I designed Rilla’s AI coaching system, first helping managers write feedback, then testing
what happens when the model acts without them.
The core design question: when has a model earned the right to speak in someone else’s
voice?
Role
Product Designer
Team
1 designer, 2 engineers
Timeline
Copilot, Feb–Mar 2026. Autopilot, Mar 2026 to present
Shipped
Copilot launched on stage at
Rilla Masters 2026.
Autopilot is in a live experiment.
The problem
Great coaching doesn’t scale
Managers have dozens of reps and limited time. Only about 10% of recorded calls ever receive
coaching.
The opportunity was to use AI to close that gap without losing what makes human feedback valuable.
Rick Copilot
The obvious AI interface was the wrong one
Copilot started as a chat sidebar, modeled after tools like Cursor.
Sales managers didn’t want to prompt an AI. They wanted to see good feedback, verify it quickly, and
move on.
So I cut the chat.
Put the AI directly in the workflow
Copilot surfaces high-value coaching moments with a comment ready to send.
The manager reads, edits if needed, and sends. The interaction itself becomes the prompt.
AI proposes. The manager decides.
One comment, three layers of context
A good coaching comment needs to know three things: what good coaching looks like, how this company sells,
and how this manager speaks.
Correct wasn’t enough. It had to sound human.
In ~42 manager interviews, the recurring problem wasn’t substance. It was voice.
Managers shortened comments, removed formality, added warmth, and rewrote openings. So we built those edits
back into the manager knowledge base.
Behavior became the feedback loop
Thumbs up and down were used by less than 1% of managers, so I stopped asking for feedback explicitly.
Instead, every interaction became a signal.
The manager trains the model simply by doing their job.
Copilot moved most coaching to AI
40% → 70–80%
Share of coaching comments sent that were AI-written
~157K
AI-written comments per month
Rick Autopilot
Then we removed the human approval step
Copilot showed that the model could write useful feedback with very little editing.

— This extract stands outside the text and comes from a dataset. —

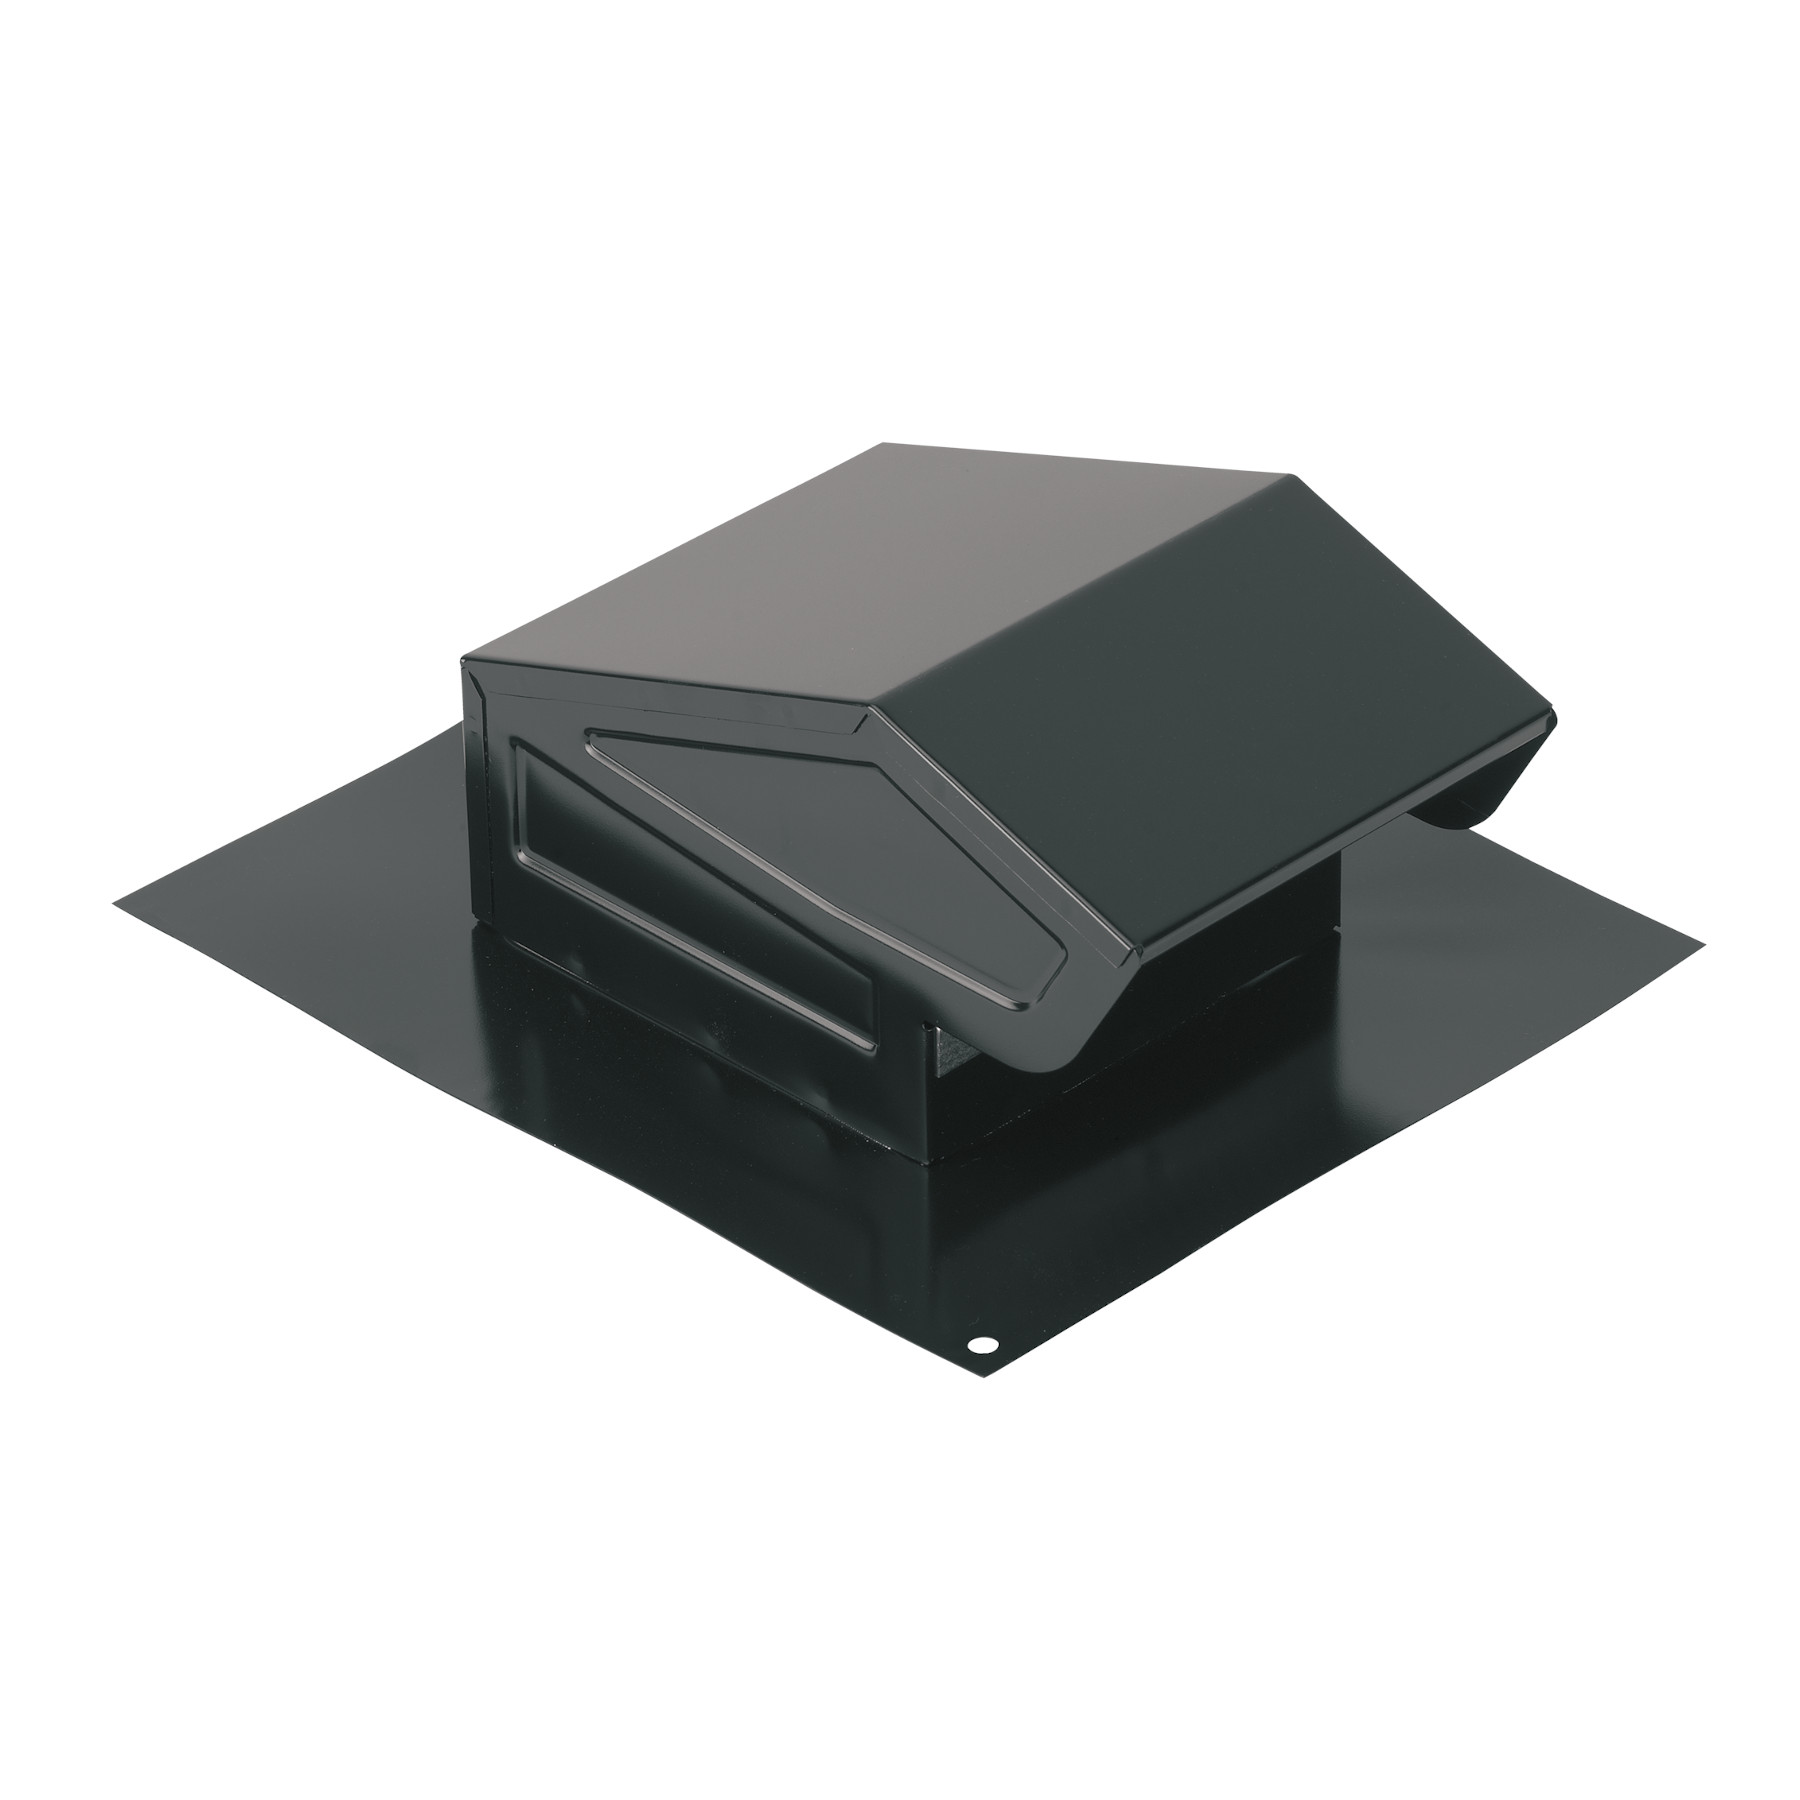 636 Broan Nutone Steel Roof Cap For 3 Inch Or 4 Inch Round Duct W Damper Birdscreen Black

Autopilot asked the harder question: should it be allowed to send that feedback on its own?
The trust experiment
Whose name should the AI speak under?
Before Autopilot, about 86% of manager comments got read, but only about 10% of
calls received one.
I tested whether AI could preserve that trust while dramatically increasing coverage.
Borrowed trust worked, until people noticed
Manager-named comments were read more at first.
Then reps realized the comments were automated, and the advantage declined.
So we stopped borrowing the name and ran it again, with every AI comment labeled as Rick AI.
The two AI lines were nearly identical: 73% read when labeled as Rick AI, 72% under the
manager’s name. Labeling the comment as AI cost nothing in read rate.
Manager-written comments averaged 62% in the same cohort. That isn’t a verdict on human coaching. Those
reps were receiving AI comments too, and attention per comment drops as volume rises.
The model could imitate a manager’s voice. It turned out not to need to.
Designing for trust
More feedback wasn’t always better
A bad automated comment could damage trust in the entire coaching channel.
So I designed Autopilot around restraint, not volume.
Sometimes the right AI behavior is silence
Autopilot only acts when confidence is high enough.
No qualifying moment means no comment.
Coverage matters. Trust matters more.
Outcome
From AI-assisted to autonomous coaching
Copilot is now live for all managers, with AI writing the majority of coaching feedback. That adoption gave us
the foundation to test Autopilot with select organizations.
40% → 70–80%
Share of coaching comments sent that were AI-written
~157K / month
AI-written comments
Autopilot is still a live experiment. So far, it changed our original hypothesis: the model
didn’t need to pretend to be the manager for people to read its feedback.
The system is now moving toward Rick AI speaking as Rick AI, labeled every time, with manager
oversight over what it sends and where it is allowed to act.
The question shifted from:
Can AI coach like a manager?
to:
How do we let AI coach without replacing the manager?